### Working data
++++++++++
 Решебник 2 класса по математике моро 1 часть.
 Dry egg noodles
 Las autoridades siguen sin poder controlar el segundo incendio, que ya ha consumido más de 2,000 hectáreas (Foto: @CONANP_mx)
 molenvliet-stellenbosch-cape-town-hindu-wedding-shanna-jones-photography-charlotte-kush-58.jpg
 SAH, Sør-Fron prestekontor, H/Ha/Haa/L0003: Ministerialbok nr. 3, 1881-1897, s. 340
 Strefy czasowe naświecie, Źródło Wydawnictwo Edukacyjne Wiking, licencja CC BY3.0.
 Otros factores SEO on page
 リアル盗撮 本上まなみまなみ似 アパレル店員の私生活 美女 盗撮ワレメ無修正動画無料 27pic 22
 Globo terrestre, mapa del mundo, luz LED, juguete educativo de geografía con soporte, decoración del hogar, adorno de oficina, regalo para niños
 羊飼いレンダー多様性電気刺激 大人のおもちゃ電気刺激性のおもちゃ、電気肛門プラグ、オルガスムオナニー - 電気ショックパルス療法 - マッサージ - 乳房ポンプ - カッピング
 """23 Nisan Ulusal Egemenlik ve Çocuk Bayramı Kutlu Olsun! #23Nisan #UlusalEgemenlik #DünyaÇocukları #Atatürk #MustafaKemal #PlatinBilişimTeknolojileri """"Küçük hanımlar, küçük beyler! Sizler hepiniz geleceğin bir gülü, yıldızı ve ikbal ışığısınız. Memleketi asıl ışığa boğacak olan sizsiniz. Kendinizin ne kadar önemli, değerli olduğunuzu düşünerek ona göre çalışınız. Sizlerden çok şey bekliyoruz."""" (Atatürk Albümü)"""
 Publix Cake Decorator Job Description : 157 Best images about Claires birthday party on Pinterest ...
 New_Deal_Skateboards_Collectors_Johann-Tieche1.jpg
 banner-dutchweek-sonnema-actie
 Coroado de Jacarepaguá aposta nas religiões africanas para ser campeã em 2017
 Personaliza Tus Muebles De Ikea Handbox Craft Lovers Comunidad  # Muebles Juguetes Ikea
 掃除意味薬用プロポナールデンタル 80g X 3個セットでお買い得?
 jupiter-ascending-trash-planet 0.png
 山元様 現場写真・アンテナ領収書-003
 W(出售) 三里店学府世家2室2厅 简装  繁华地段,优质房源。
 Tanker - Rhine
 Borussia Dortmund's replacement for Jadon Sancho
++++++++++
### What is required
Once you reach the line that contains "Personaliza Tus Muebles", print it and every line after it exactly as written, stopping at the last line of the records and adding nothing.

### Answer
 Personaliza Tus Muebles De Ikea Handbox Craft Lovers Comunidad  # Muebles Juguetes Ikea
 掃除意味薬用プロポナールデンタル 80g X 3個セットでお買い得?
 jupiter-ascending-trash-planet 0.png
 山元様 現場写真・アンテナ領収書-003
 W(出售) 三里店学府世家2室2厅 简装  繁华地段,优质房源。
 Tanker - Rhine
 Borussia Dortmund's replacement for Jadon Sancho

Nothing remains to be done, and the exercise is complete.